House Unveils $25.2B NASA Funding Proposal

An illustration of the Mars sample return mission. Image: NASA

The House unveiled its $25.2B fiscal 2025 budget for NASA, shorting the space agency by about $204.1M compared to its original request. 

The topline budget included in the draft bill from the House Appropriations Committee would give the agency $303.6M more than it received in fiscal 2024. 

By the numbers: The $25.2B budget plan is broken down into several buckets, including: 

  • $7.3B for science, including $2.9B for planetary science and $2B for Earth science
  • $7.6B for exploration
  • $1.2B for space technology
  • $89M for STEM

Moon bound: Lawmakers expressed strong support for NASA’s work with the commercial sector to deliver cargo to the lunar surface under the CLPS program, which the bill fully funds. 

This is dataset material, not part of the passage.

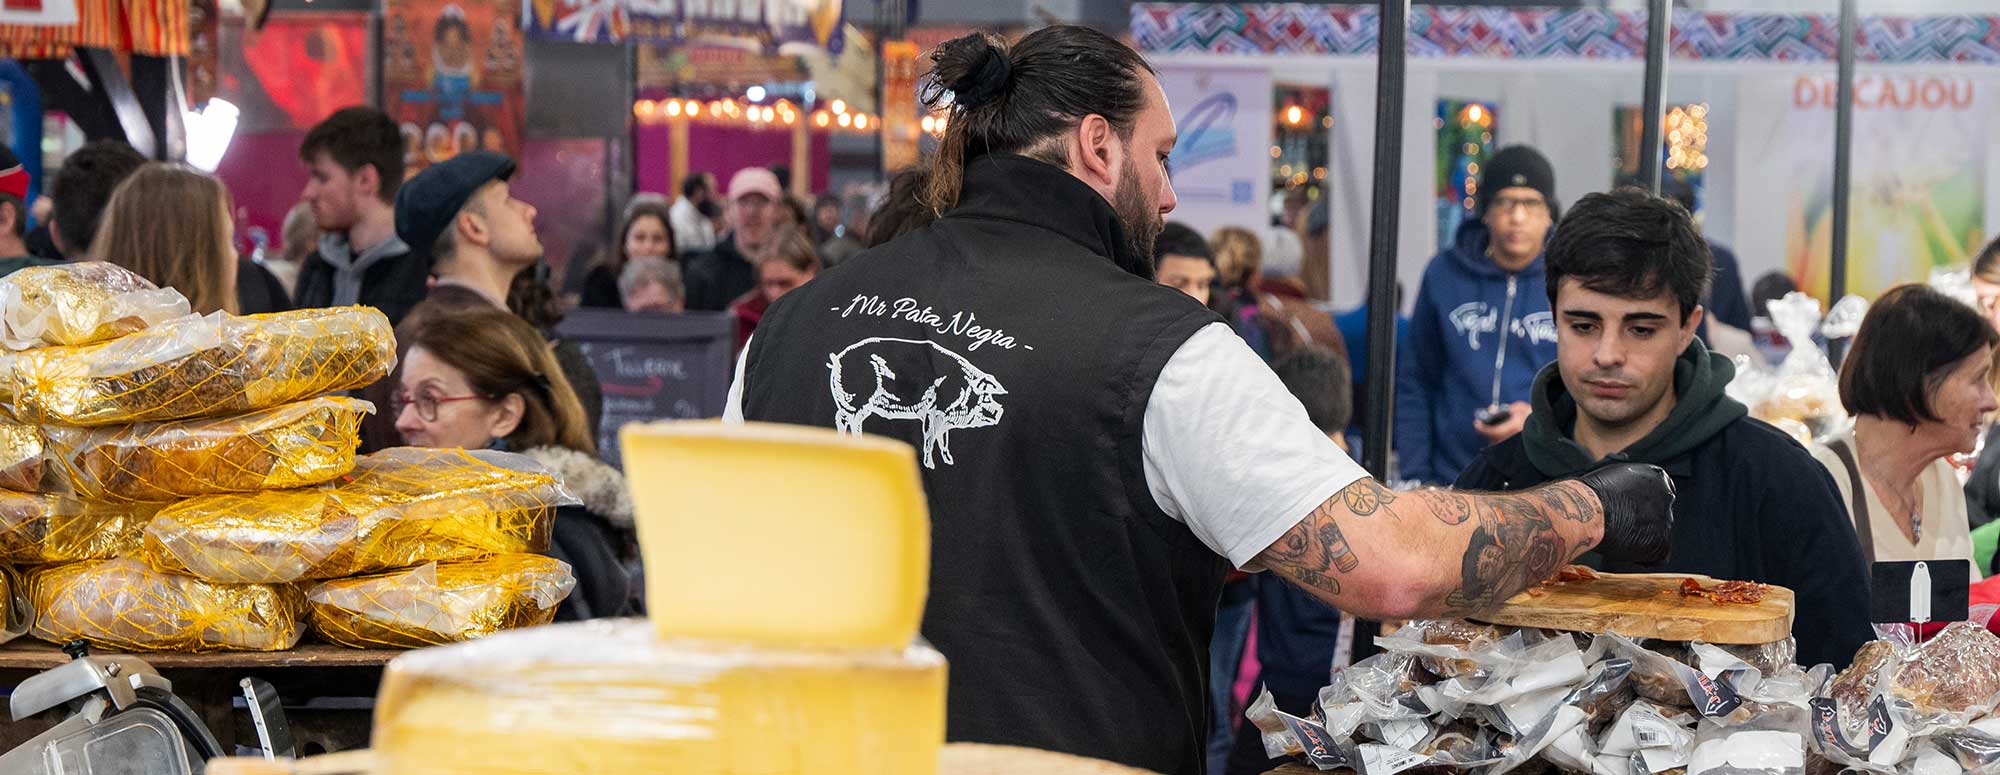 Exhibitor on a cheese and charcuterie stall

“The Committee notes the importance of CLPS funding remaining at no less than the fiscal year 2024 enacted level, to grow the space economy and to create lasting, affordable commercial operations on the Moon,” the bill report says. “The Committee emphasizes the importance of the CLPS program in maintaining American leadership in space, developing a domestic space industrial base for the U.S.’s return to the Moon.”

To Mars? Appropriators have also bought in on NASA’s plans to bring Martian samples to Earth. The bill would require the agency to spend $650M—$450M more than NASA requested—on the program in fiscal 2025, with the report citing “concerns” over how prior cuts to the mission “have led to serious losses in NASA’s high-skilled workforce” that will hurt both this mission and other planetary science efforts in the future. 

Lawmakers also asked NASA for more info on its pivot to use industry for the sample return mission. The bill would require NASA to submit a report with details on how it intends to evaluate proposals from the private sector.

What’s next: House lawmakers are meeting this morning to mark up the bill, which will still need to be approved by the full chamber and reconciled with the Senate’s spending plan before it becomes law.